A consultant pastes a styled HTML invoice from her billing template into the editor, picks A4 portrait with 15mm margins, and downloads the PDF to attach to the client email.

FAQ

Will external images and Google Fonts load in the PDF?
Yes for images served over HTTPS with CORS allowed, and yes for Google Fonts referenced via @import. If a font fails to load, the PDF falls back to the closest system font for that family.
How do I control where one page ends and the next begins?
Add CSS print rules like `page-break-before: always` or `break-inside: avoid` to your HTML. The converter honours them, so chapter headings and tables stay together rather than splitting mid-row.

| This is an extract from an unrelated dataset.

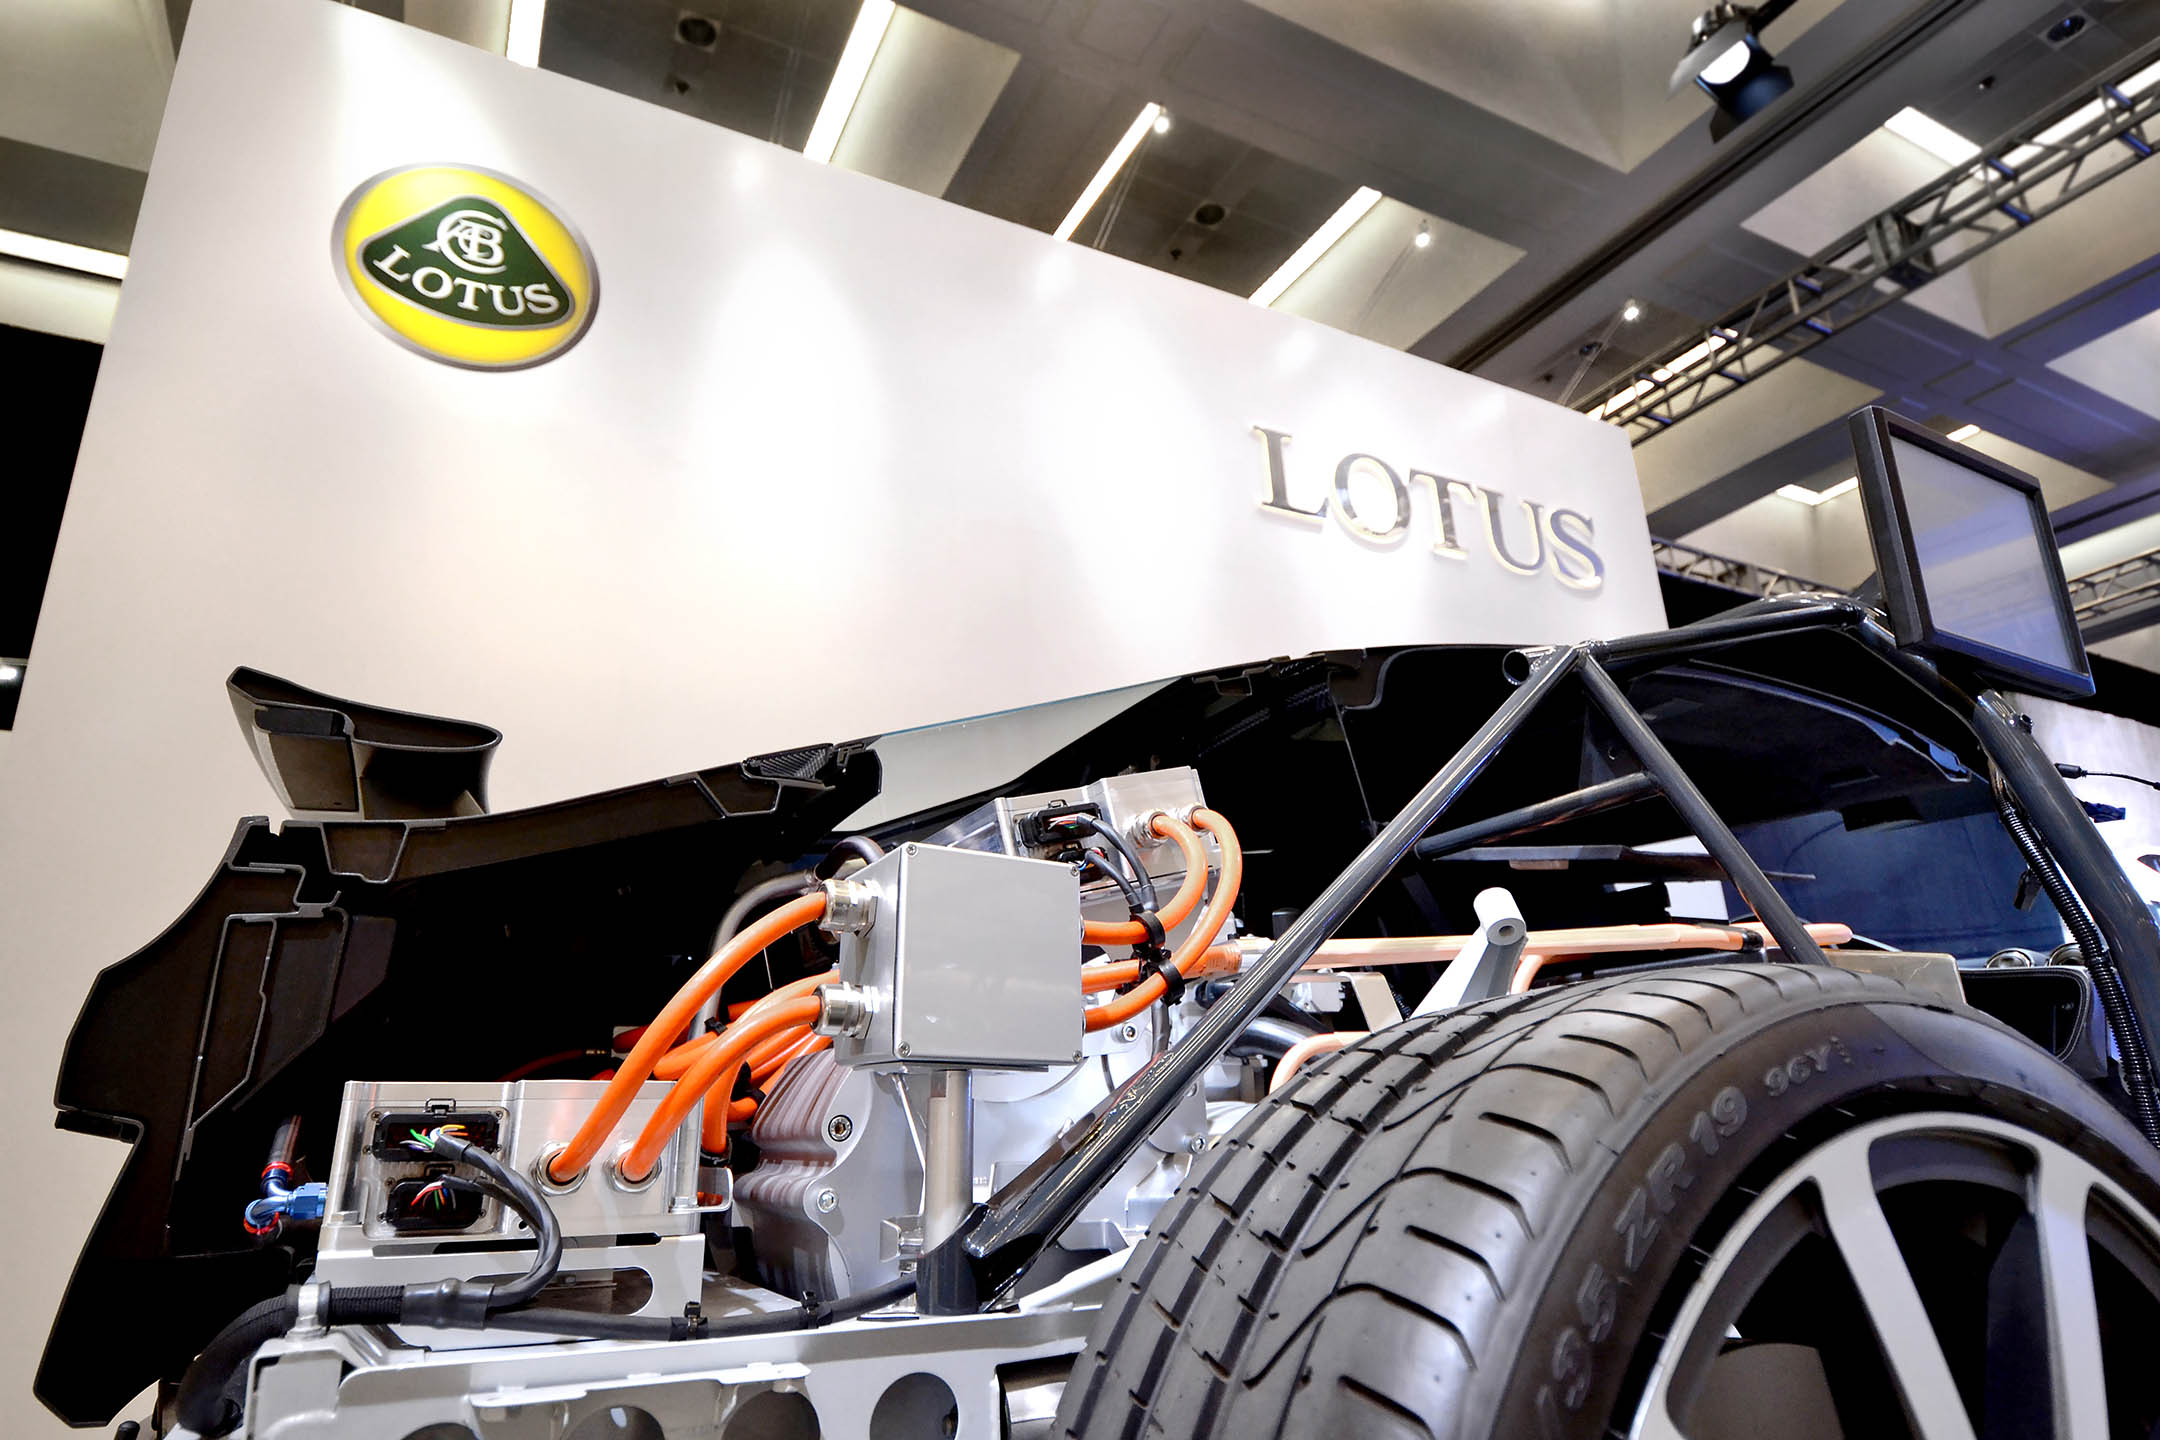 Lotus-LA-Auto-2013-6-1-1.jpg

Can I paste a full HTML document with `<head>` and `<style>`?
Yes. The whole document is written into the render iframe, so anything in `<head>` — meta charset, linked stylesheets, inline CSS — applies. Pasting just a `<body>` snippet works too.
Why does my PDF look slightly different from the on-page preview?

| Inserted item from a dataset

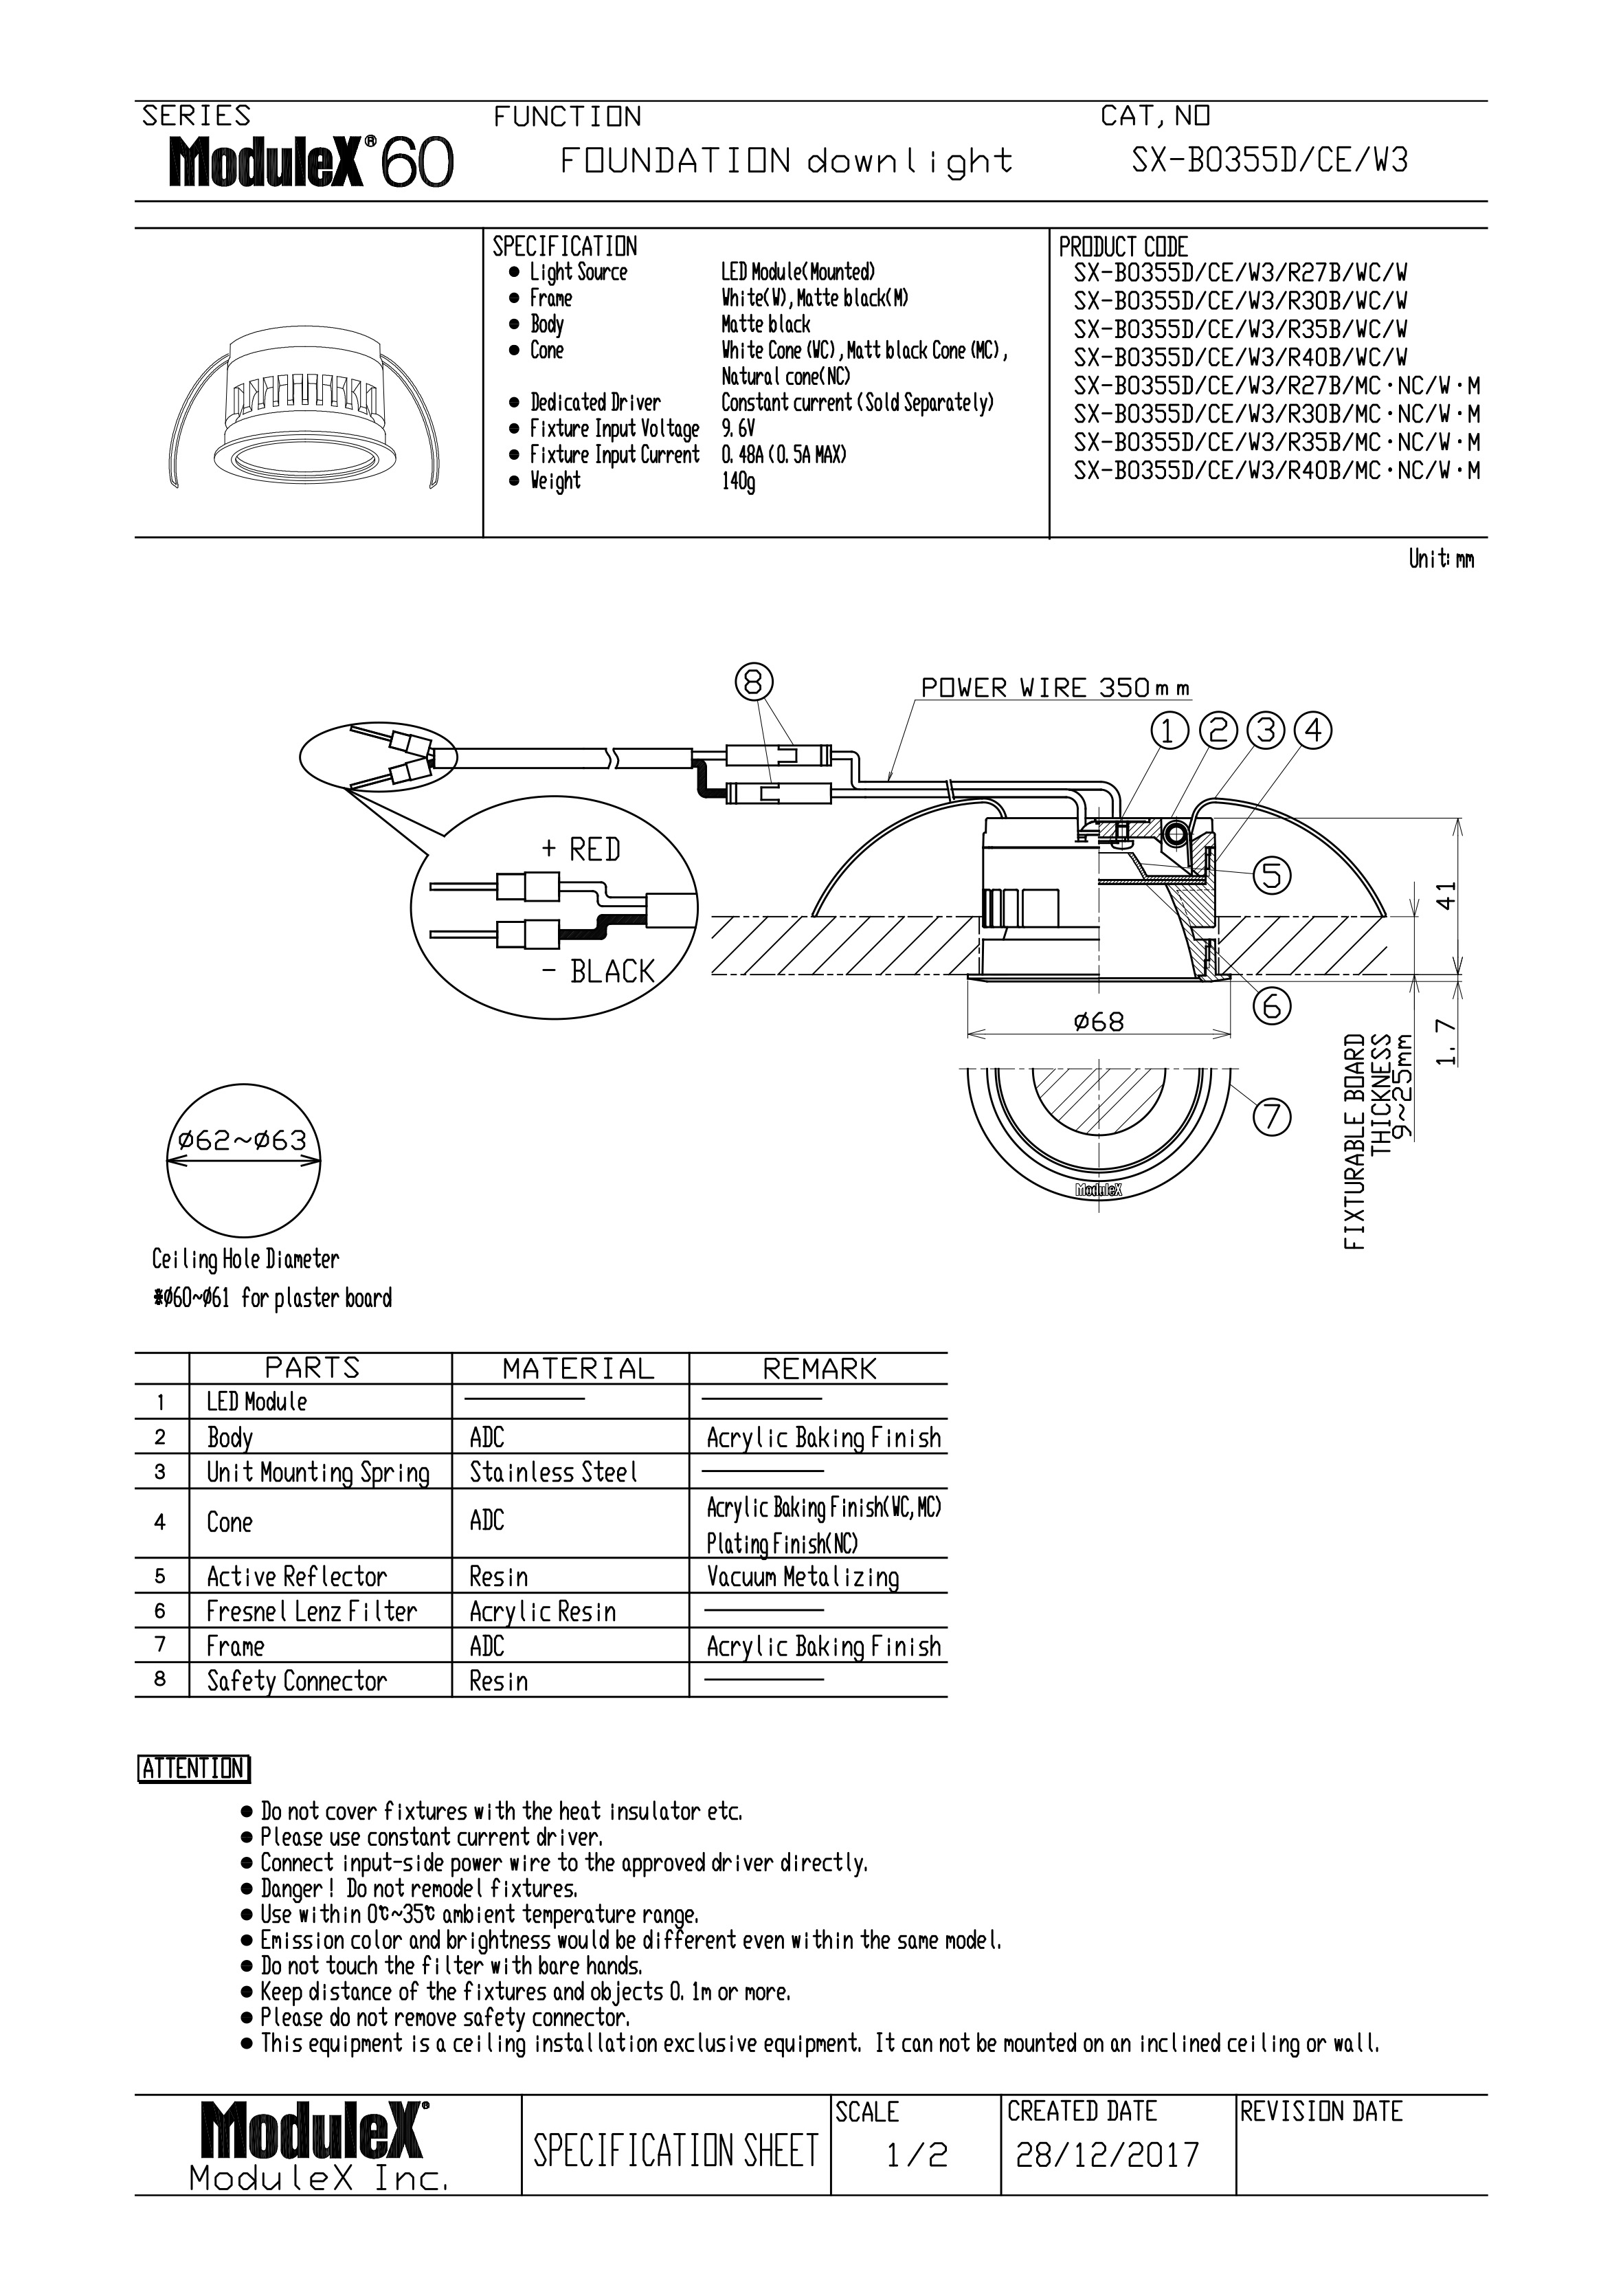 SX-B0355D/W3 Specification Sheet

The PDF is rasterised at 2x scale for sharper text. By default the layout follows the chosen paper width (A4 is 210mm, Letter 216mm), but you can set the render width to Mobile, Tablet, or Desktop to capture a responsive layout at that breakpoint instead. Sizes given in `vw` units follow whichever width you pick.
Is there a file-size limit on the HTML I can convert?
Practically a few megabytes of HTML plus inline images. Very long documents with hundreds of pages may slow down rendering, but the work happens on your device so there's no upload cap.